# Caramel just did something amazing!



## TzusnHedgies (Sep 25, 2012)

Well, I think it's amazing anyway! Last night I was talking to my husband about how hedgehogs poop all over their wheels. I said that I wish that when they realized they have to go, they would hop off the wheel and go use the bathroom. Caramel did almost just that for the first time! I saw his tail go up when he was running on his wheel, so I thought- oh great. Well, he stopped, turned around so that his butt was aimed outside of the wheel on the shavings. Then he pooped! The wheel is perfectly clean! :shock: It's like- ask and you shall receive!!


----------



## LizardGirl (Aug 25, 2008)

Hahaha!

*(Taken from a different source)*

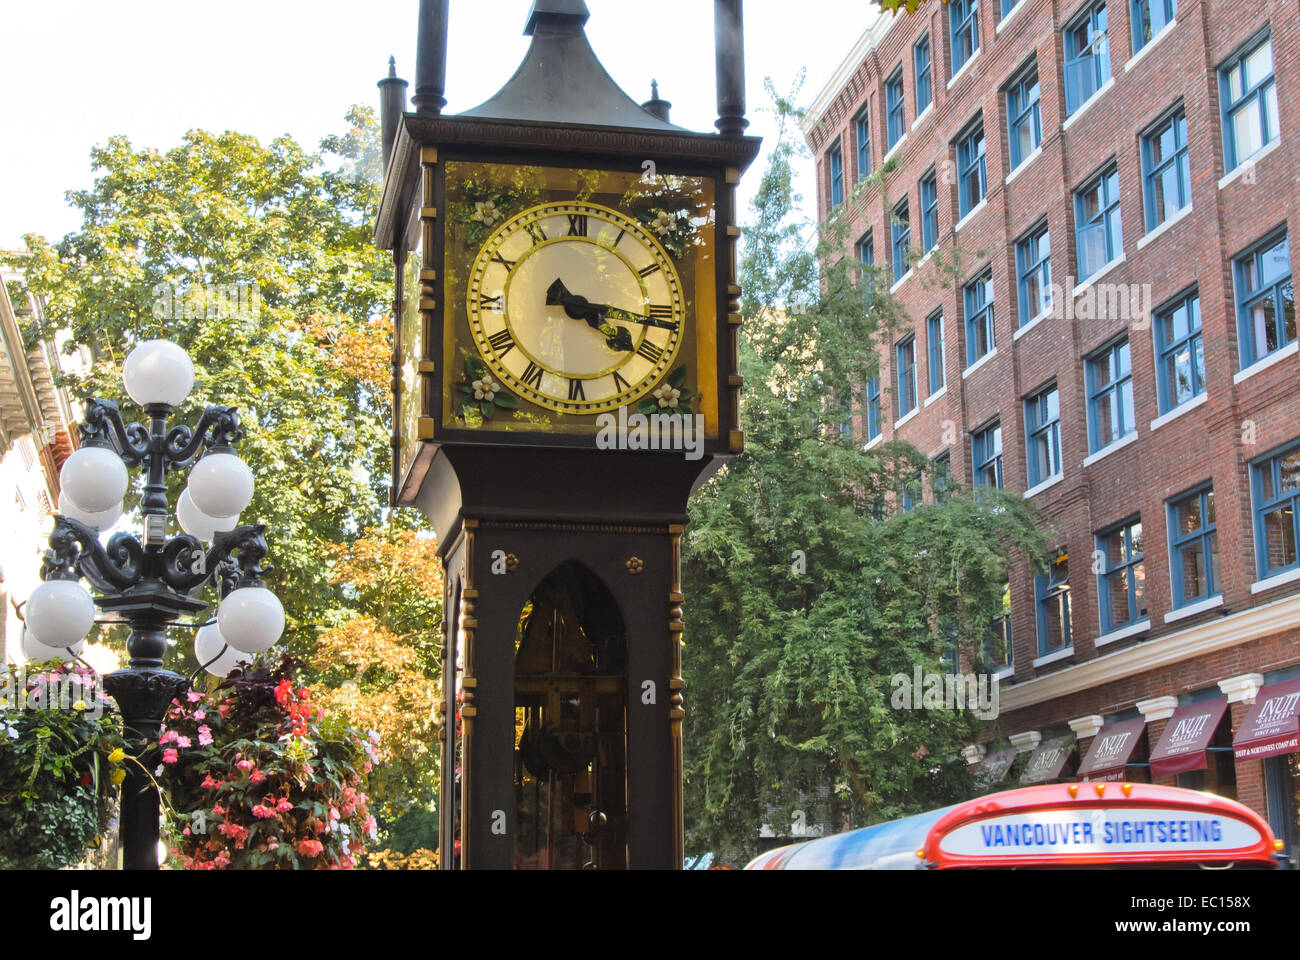 Vancouver steam clock in Gastown with tour bus in background Stock Photo
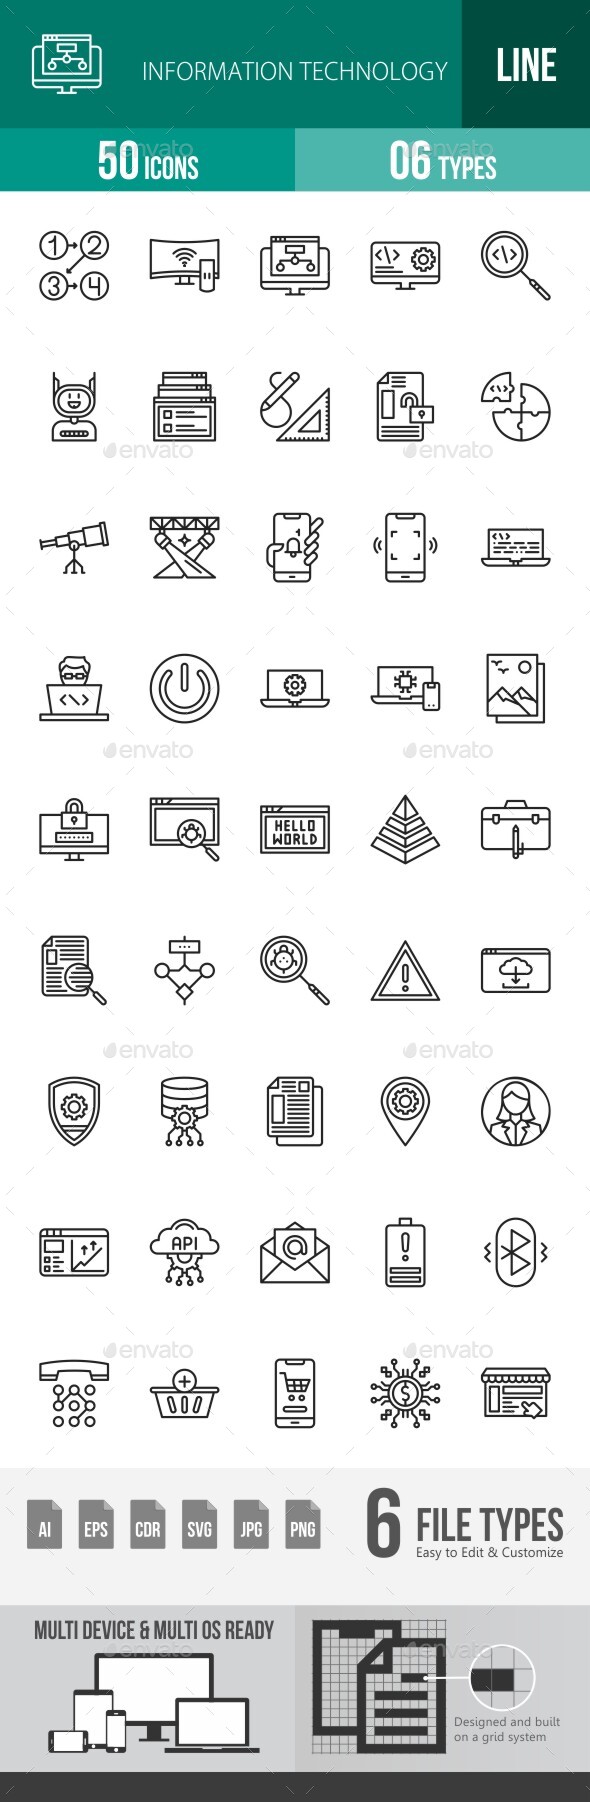 [DOWNLOAD]Information Technology Line Icons

I wish mine would do that!


----------



## Shell (Aug 23, 2012)

Sounds like he doesn't like his foot baths. lol
Smart little man.


----------



## AngelaH (Jul 24, 2012)

What a smart guy! And I'm jealous that he wheels in front of you too! :lol: I got lucky because Thistle self-cleans her poop boots, but not so lucky with the wheel.


----------



## TzusnHedgies (Sep 25, 2012)

I thought it was pretty smart too! Tonight he was back to popping while wheeling. Bah humbug! It's like he had a moment of clarity and then went- ah the heck with it! He does wheel in front of us and everything else too- eating, drinking, running around.


----------